Injecting Conflict Situations in Autonomous Driving Simulation using CARLA
Tsvetomila Mihaylova, Stefan Reitmann, Elin A. Topp, Ville Kyrki
TL;DR
This paper addresses the lack of accessible, reproducible data on conflict situations in autonomous driving, particularly in shared autonomy where takeover decisions are necessary. It introduces a CARLA-based toolkit that injects controllable conflict scenarios, selecting scenarios using a framework that prioritizes urgency and driver response, and demonstrates these conflicts on both default CARLA maps and a custom OpenDRIVE/OpenScenario map. The contributions include a set of implemented conflict types (e.g., vanishing lane markings, weather effects, narrowing roads, obstacles, sensor noise) and a simple but extensible controller plus basic situation-awareness features, along with setup and loading instructions for scenarios and custom maps. The toolkit enables human-in-the-loop studies of explanations and situation awareness, supporting reproducible experiments and providing a foundation for safety metrics, regulatory considerations, and future HRI research in autonomous driving.
Abstract
Simulation of conflict situations for autonomous driving research is crucial for understanding and managing interactions between Automated Vehicles (AVs) and human drivers.
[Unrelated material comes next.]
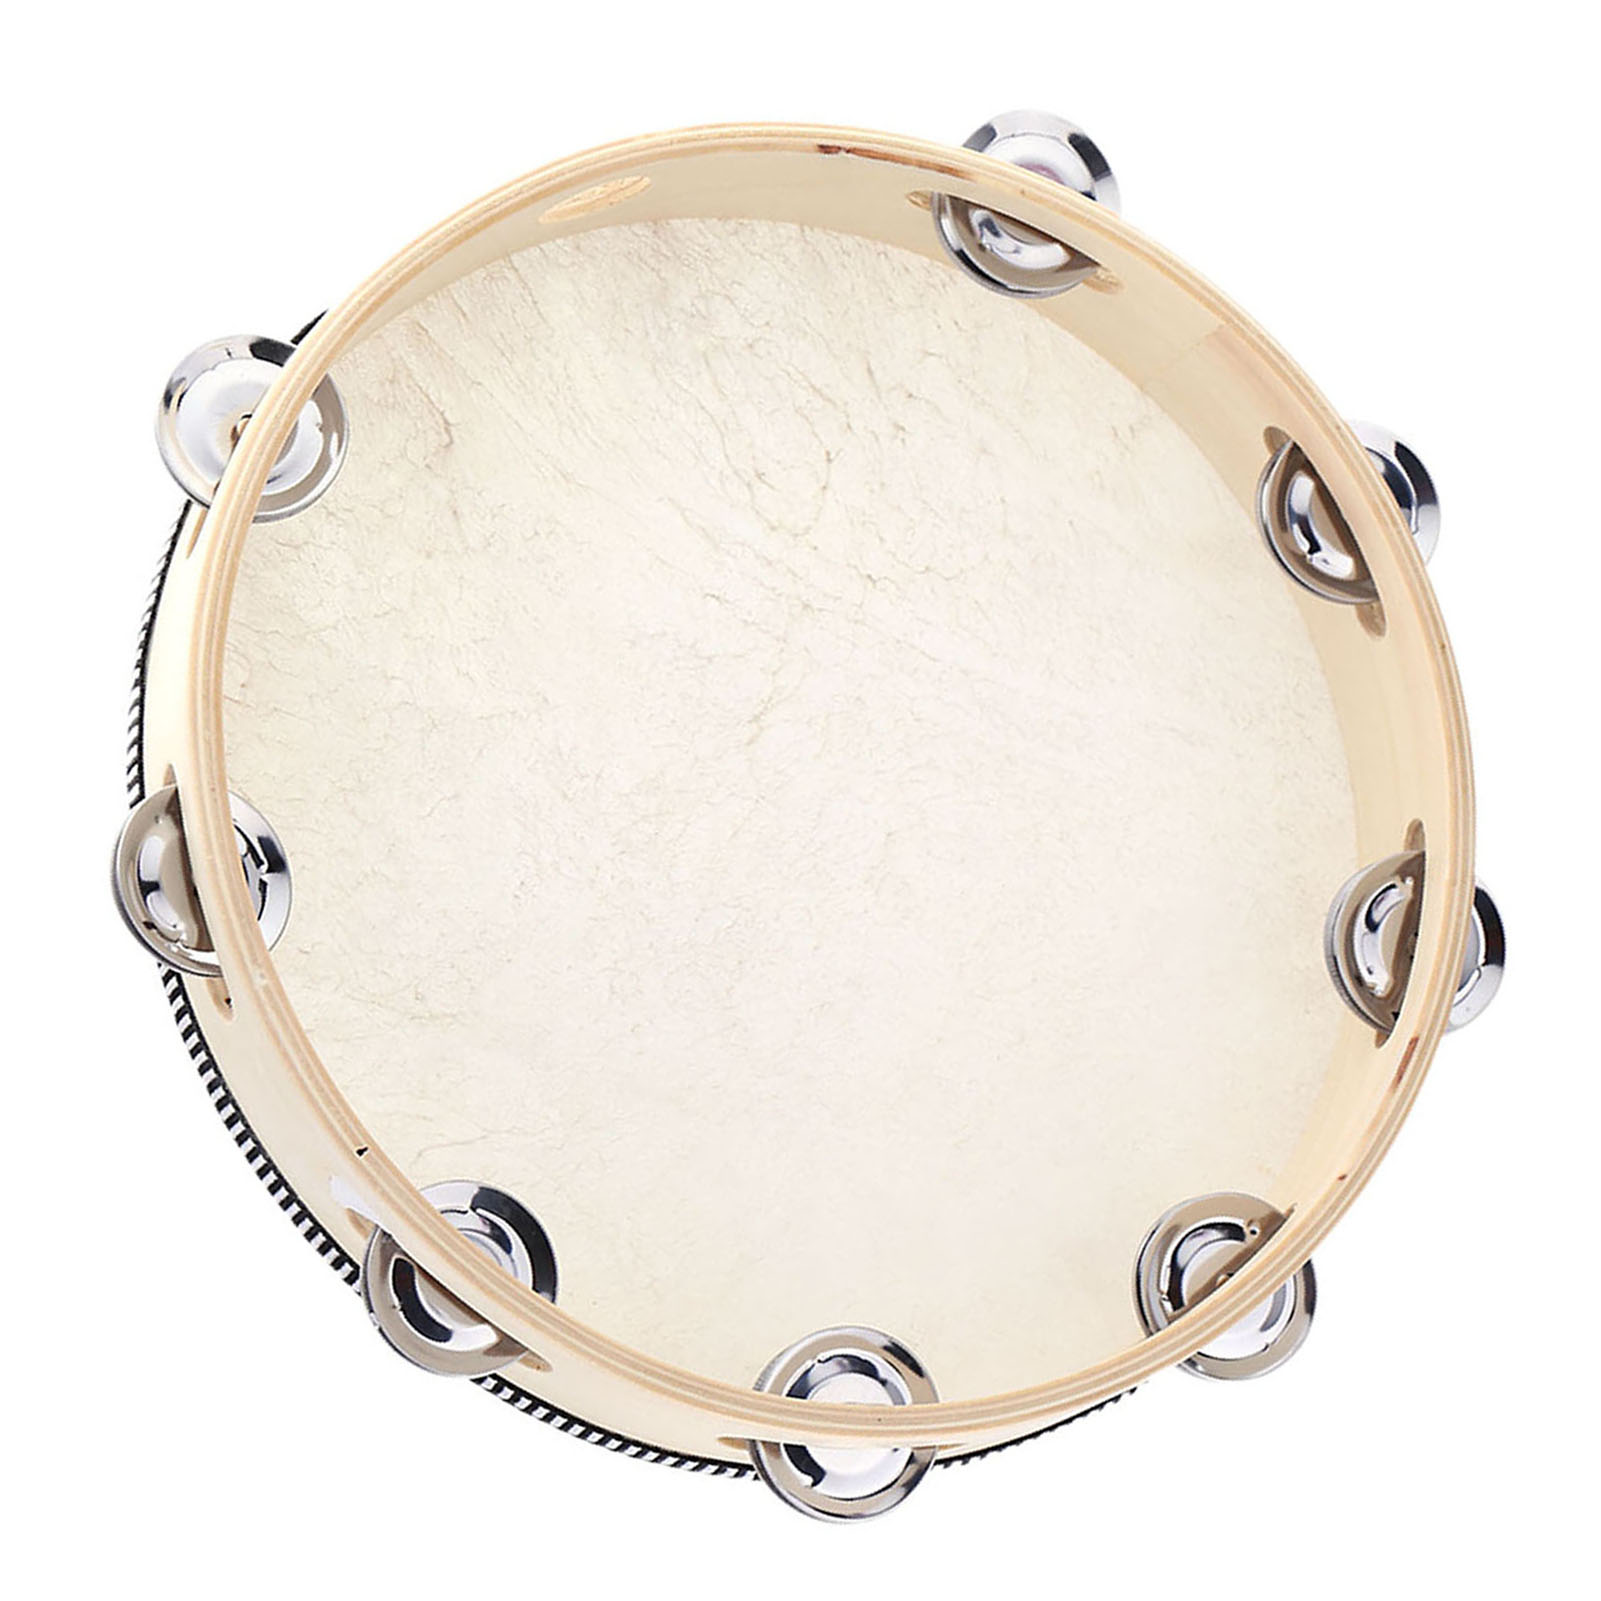 Andoer 10" Hand Held Tambourine Drum Bell Birch Metal Jingles Percussion Musical Educational Instrument for KTV Party Kids Games - image 1 of 7
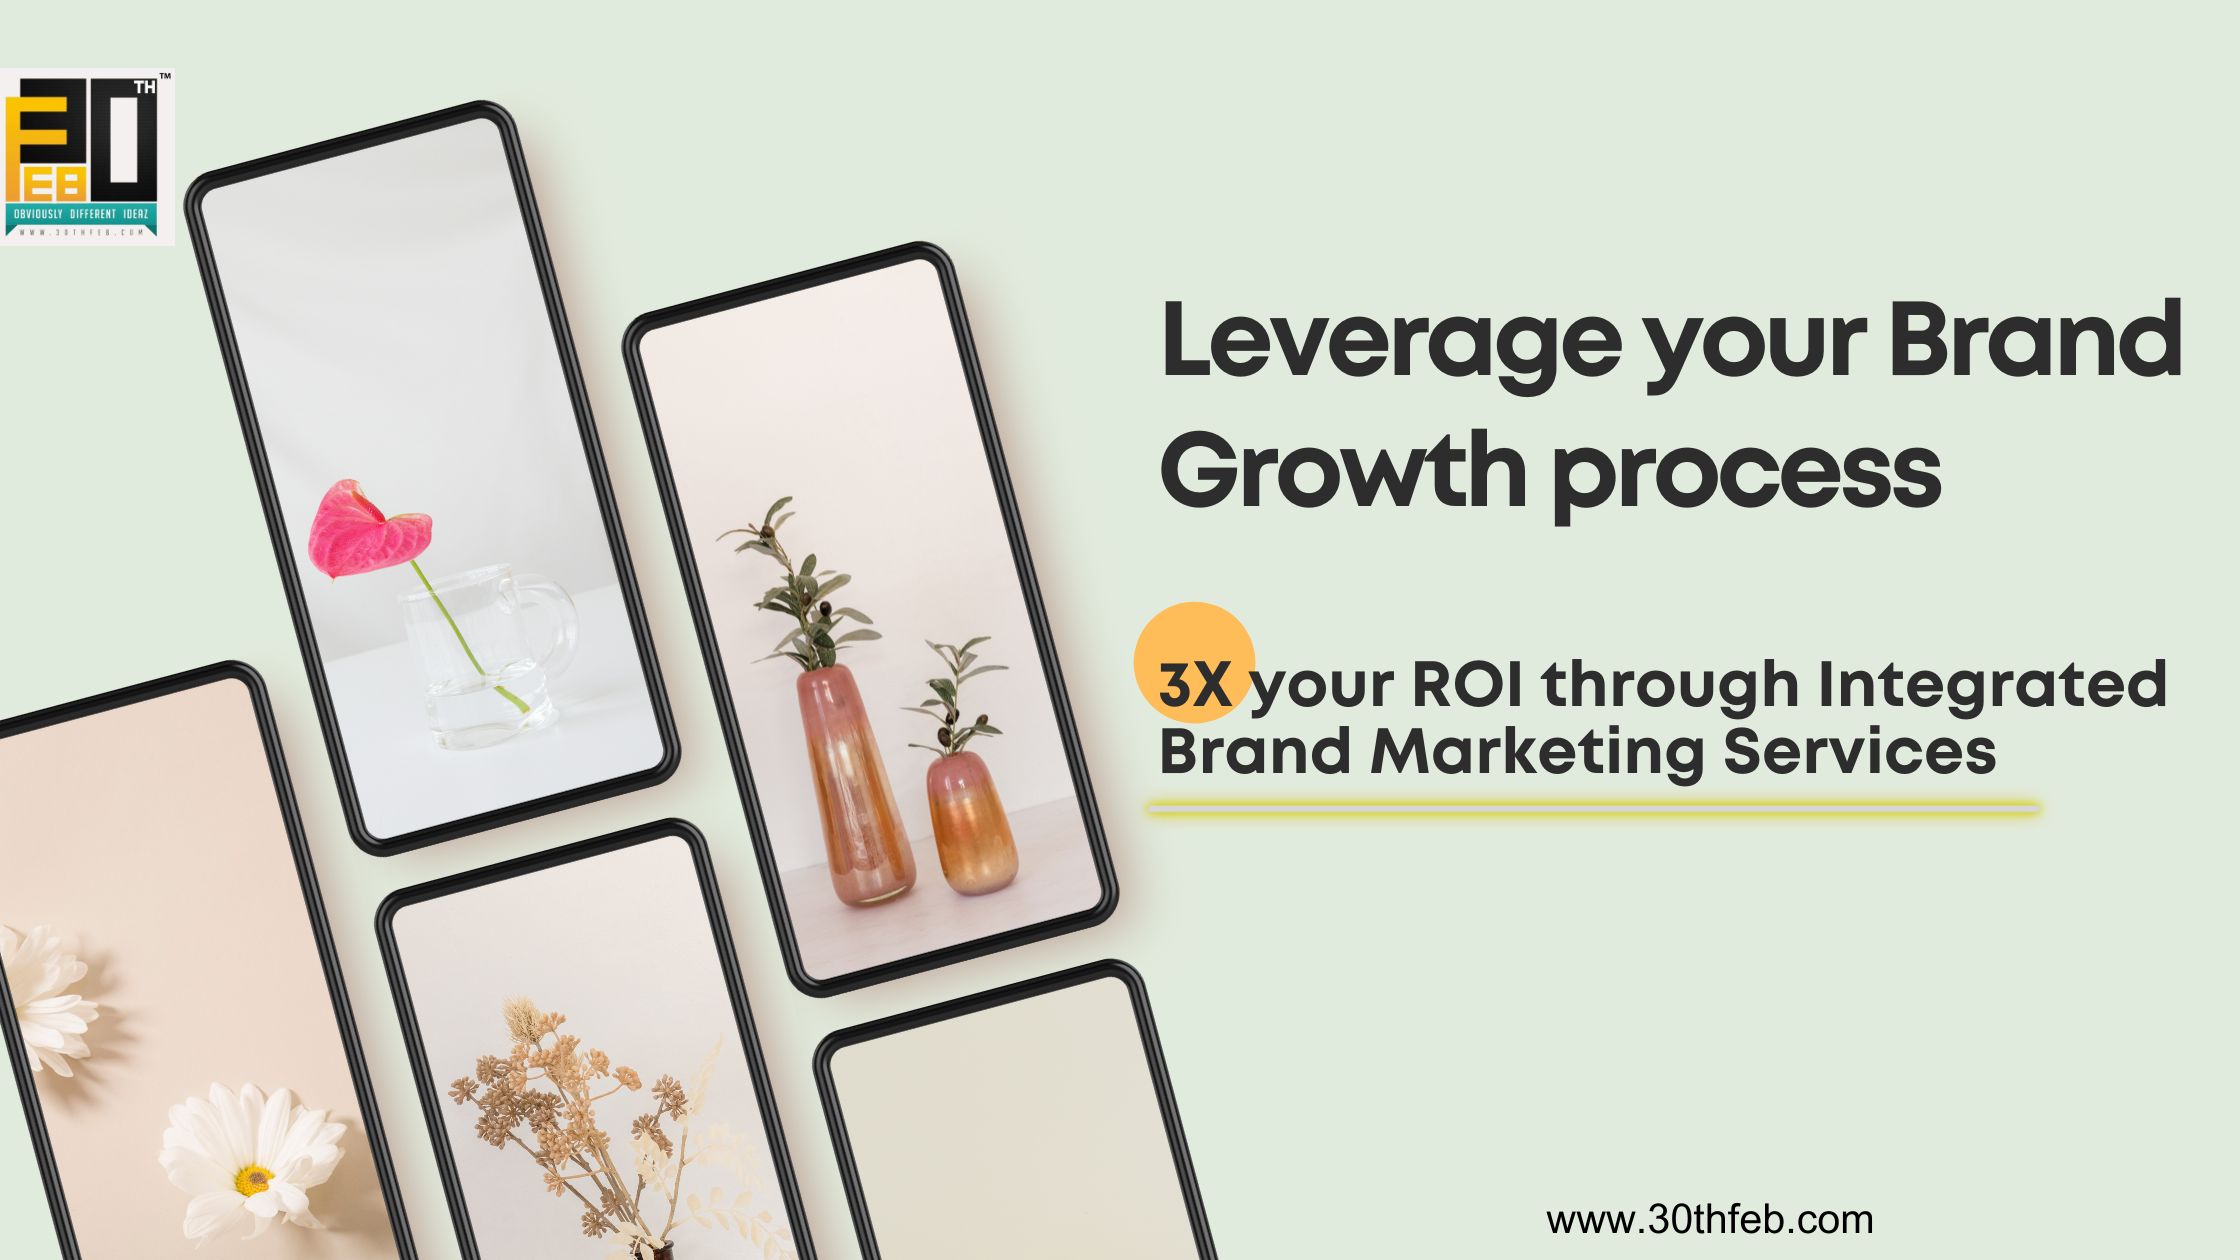 Leverage your Brand Growth process and 3x the ROI through Integrated Brand Marketing Services

This paper presents a set of exemplary conflict scenarios in CARLA that arise in shared autonomy settings, where both AVs and human drivers must navigate complex traffic environments. We explore various conflict situations, focusing on the impact of driver behavior and decision-making processes on overall traffic safety and efficiency. We build a simple extendable toolkit for situation awareness research, in which the implemented conflicts can be demonstrated.